The hand-off from Wikimedia/Zayo to Comcast happens now in Chicago, and then traverses Comcast's network via a northern route (IL/CO/WA) so a completely different path. This, unfortunately, wouldn't give us much insight on which of the two cases above are the root cause — but it's a useful test nevertheless, especially if you are still experiencing problems :)

Could you please try again and see if it makes a difference? It would make sense to try at approximately the same time of the day as your previous attempt, as backbone congestion might only occur during peak hours (whichever those may be for all of those states).

Thanks, I'll keep an eye out tonight and see if it gets congested again (currently seeing a cool 80 Mbits download rate at 7:04am pacific time)

As of 11:44 am pacific time I'm seeing 24Mbps on the new route through Chicago, down from 80Mbps earlier this morning.
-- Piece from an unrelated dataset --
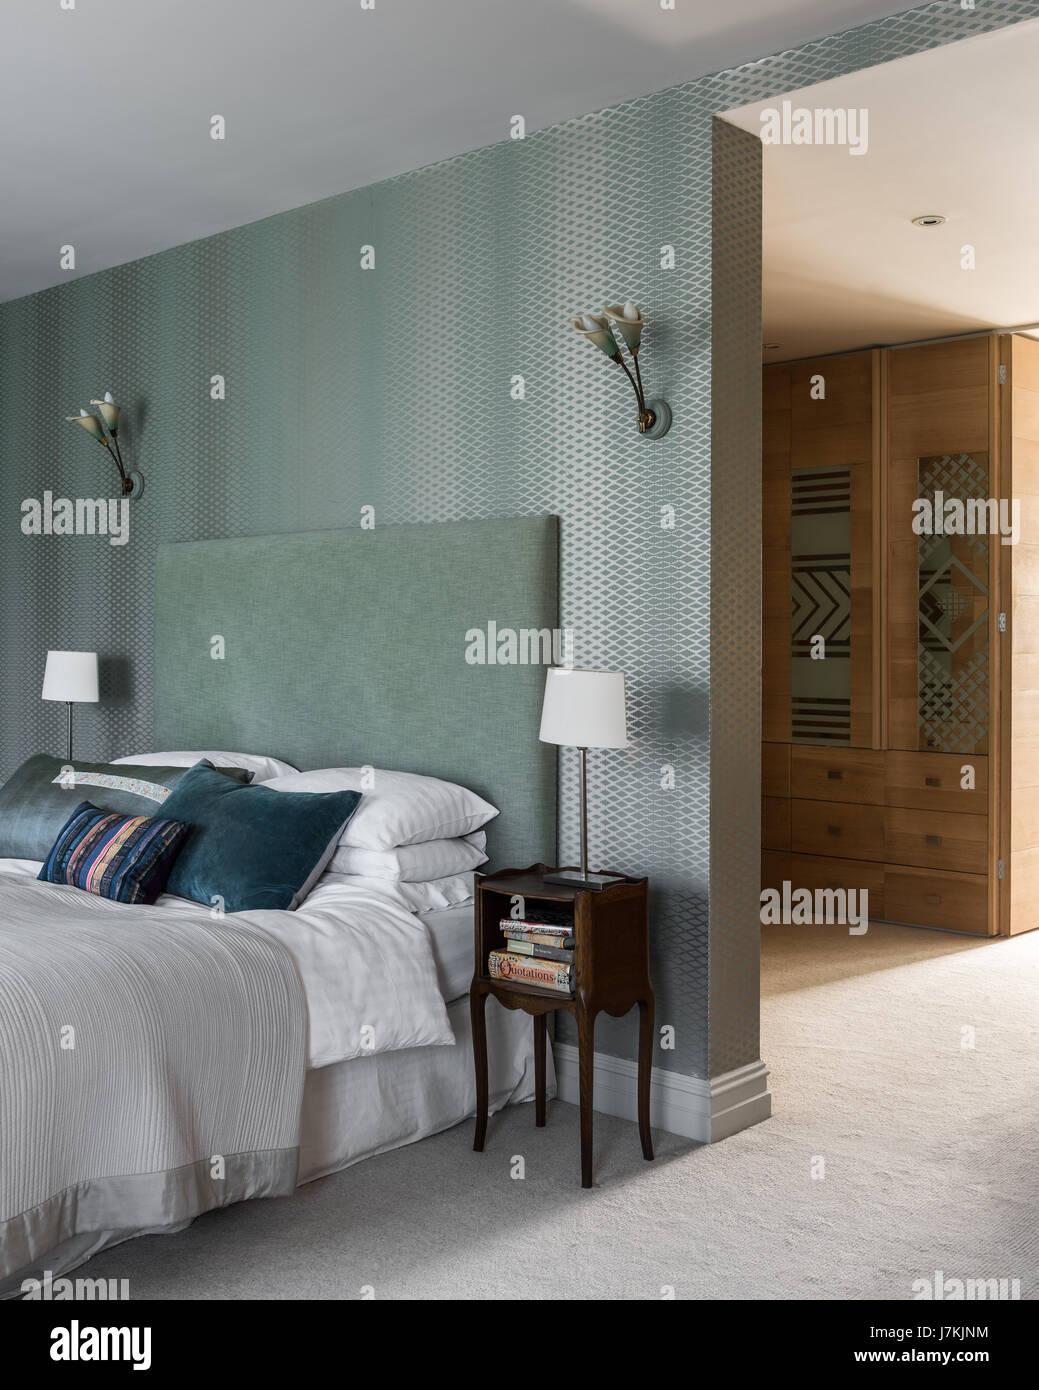 Farrow & Ball Gitter Tapete im Schlafzimmer mit grünen Kopfteil ...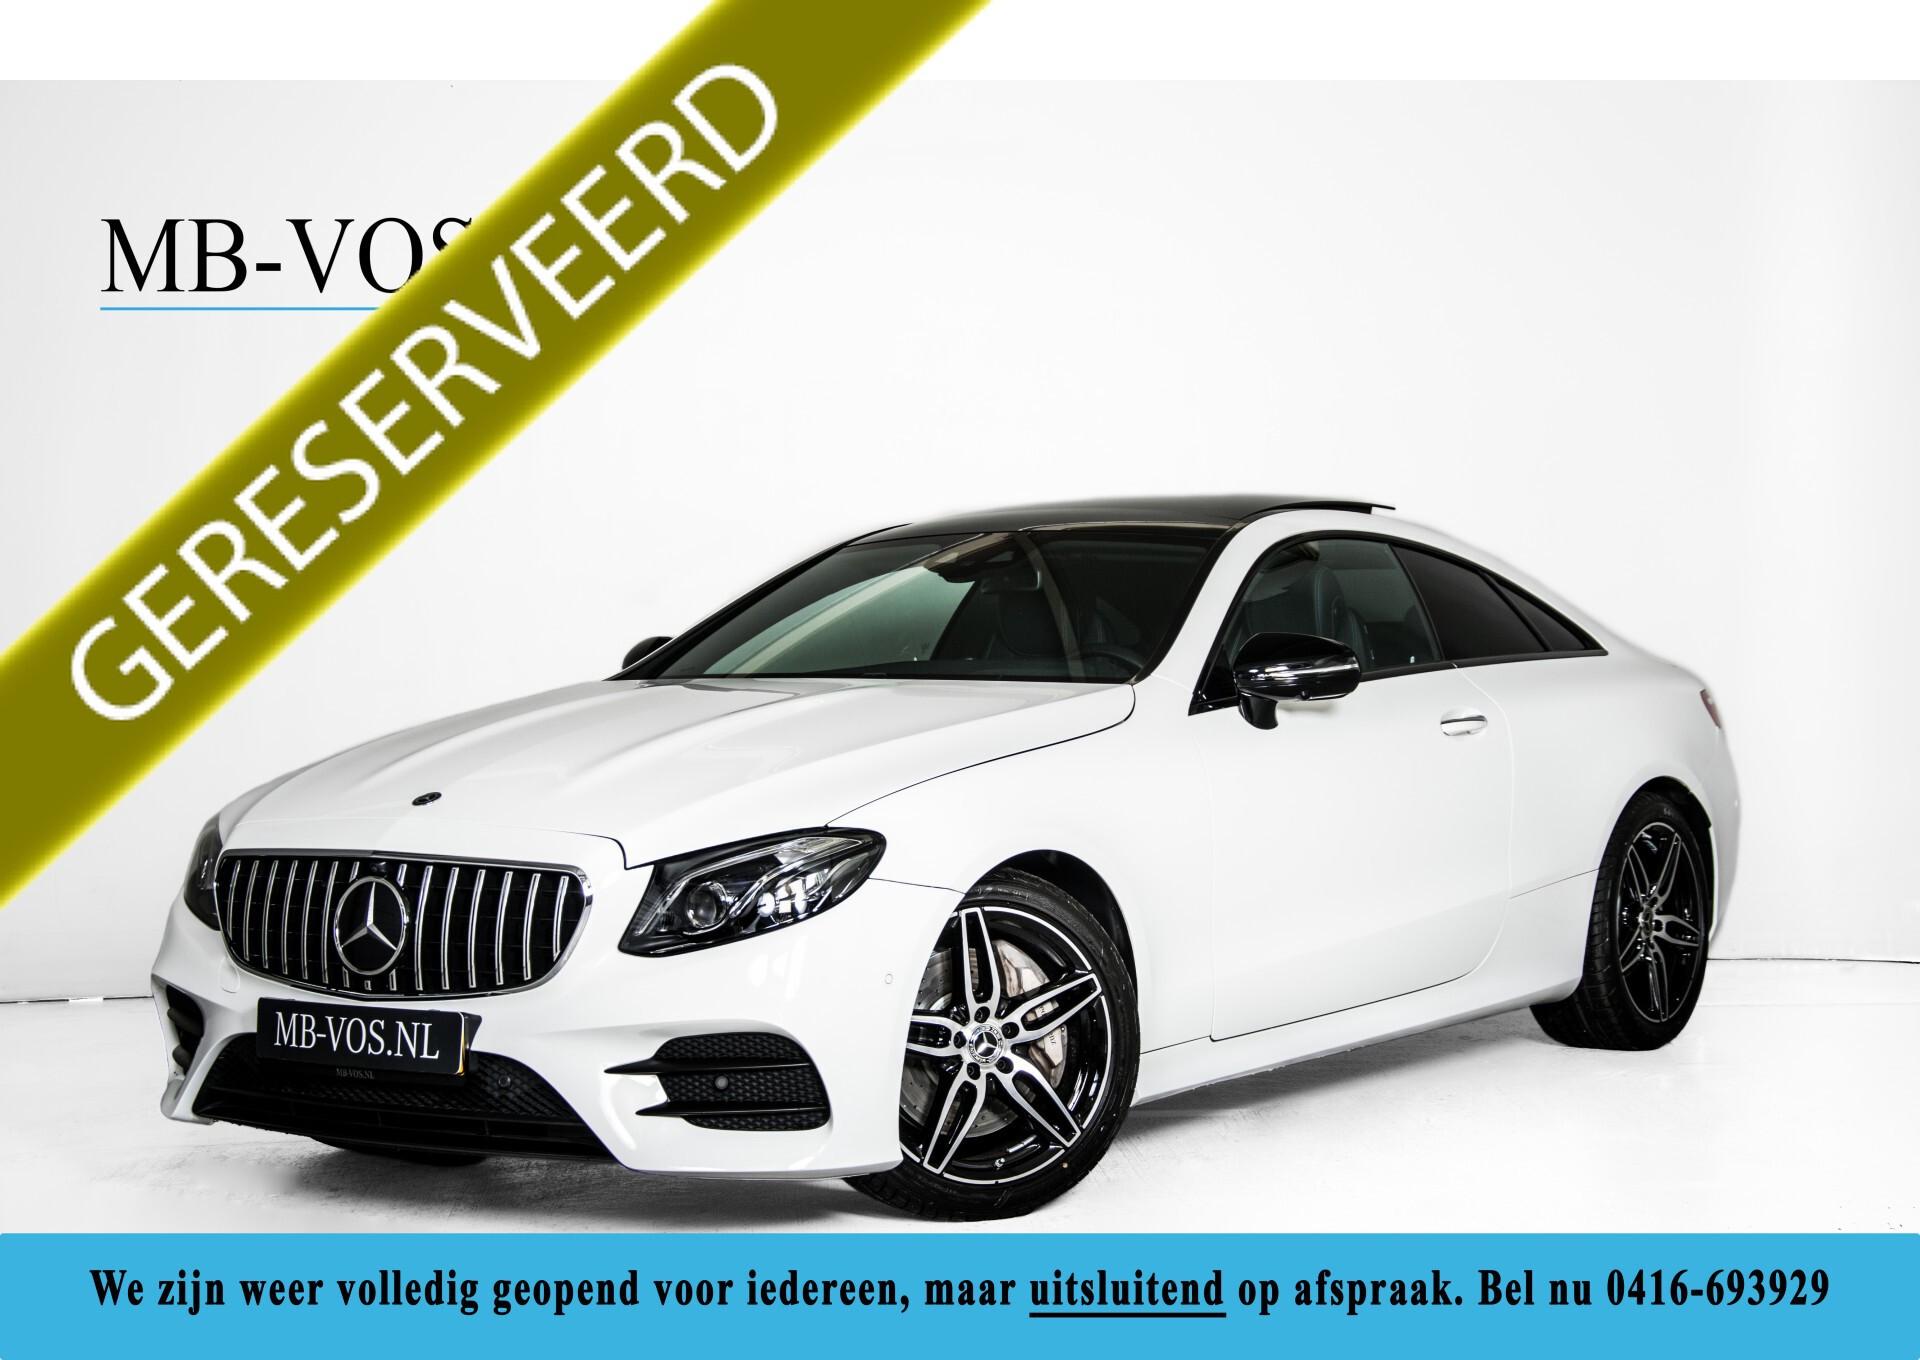 Mercedes-Benz E-Klasse Coupé 300 AMG Panorama/Rij-assist/Keyless/Massage/Memory/HUD/Standkachel/Night Aut9 Foto 1

Currently seeing my baseline 80 Mbps; floating IP 208.80.155.243 has been assigned for now to test without the proxy, just to double-confirm it's the route and not related to the proxy for now (it also makes it easier for me to measure bandwidth on the server end). Will test again later this evening in case congestion repeats.

Thanks. Testing against production (e.g. upload.wikimedia.org, but any host including bast1001 would do) would also be a useful data point, I think.

How sure are you that this congestion isn't local to Beaverton or Comcast? Have you tried downloading from anywhere else during peak hours?

faidon triaged this task as Medium priority.Jun 2 2016, 12:05 PM
faidon moved this task from Backlog to In Progress on the netops board.

Seems ok lately, haven't noticed any problems last week.

Either. You can have the IP back, I guess, doesn't seem to make any difference.

faidon claimed this task.

I'm resolving this, as this was primarily a task for the intermittent bandwidth issue. @yuvipanda, feel free to remove the IP (or not), or open a new task about it :) Thanks!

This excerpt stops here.